8 Ways to Lower Your Car Insurance Bill:
- Raise the deductible: Deductibles are what you pay before your insurance policy kicks in. By requesting higher deductibles, you can lower your costs substantially. For example, increasing your deductible from $200 to $500 could reduce your collision and comprehensive coverage cost by 15-30%. Paying a $1,000 deductible can save you 40% or more.
- Reduce coverage on older vehicles: Consider dropping collision and/or comprehensive coverages on older cars. If your car is worth less than 10 times the premium, purchasing the coverage may not be cost effective. Auto dealers like Drive Casa can tell you the worth of your car, or you can look it up online at Kelley’s Blue Book.
- Low Mileage Discounts: If you drive less than the typical driver you might be able to take advantage of low mileage discounts. Talk with your insurance provider to see if your driving is eligible.
- Buy in Bulk: Many insurers will give you a break if you buy two or more types of insurance, like property and auto insurance. You may also get a reduction if you have more than one vehicle insured with the same company. Some insurers reduce the rates for long-time customers. Despite this, you may save money buying from different insurance companies, compared with a multi policy discount.
- Keep a Good Credit Record: Credit information and history often influence the pricing of your auto insurance. By maintaining good credit, you can save money each month on your auto insurance bill. If you don’t have great credit, Drive Casa can help! Financing a vehicle with us can actually improve your credit score!
- Compare Costs: If you are in the market for a new car, compare different insurance rates of different cars before picking one out. The cost of your vehicle plays a role in insurance premiums, as well as how much it is to repair it, the safety record, and more. You might even be eligible for discounts if your vehicle is equipped with certain safety features.
- Ask about group insurance: Some companies offer reductions to drivers who get insurance through a group plan from their employers, through professional, business and alumni groups or from other associations. Ask your employer and inquire with groups or clubs you are a member of to see if this is possible.

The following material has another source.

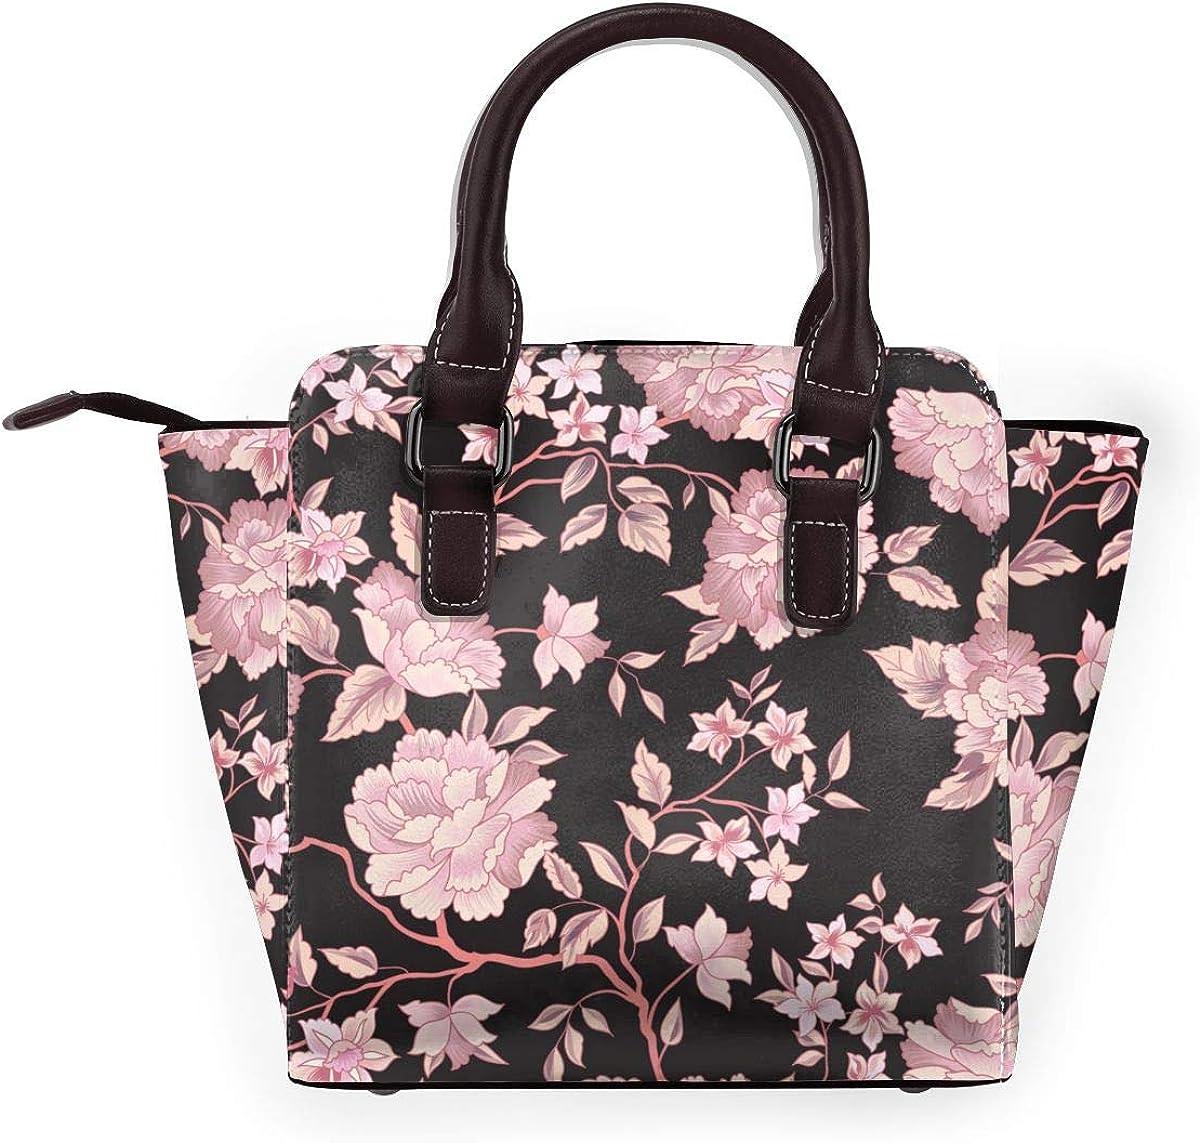 LalaQ Sac à bandoulière en cuir véritable avec rivets pour femme Style rétro Fleurs Motif Floral Rose.

- Seek out other discounts: Companies offer discounts to policyholders who have not had any accidents or moving violations for a number of years. You may also get a discount if you take a defensive driving course. If there is a young driver on the policy who is a good student, has taken a driver education course or is away at college without a car, you may also qualify for a lower rate.
Insurance coverage is important to have, but the bills shouldn’t make or break your finances each month. Use this guide from Drive Casa to save money on insurance each month!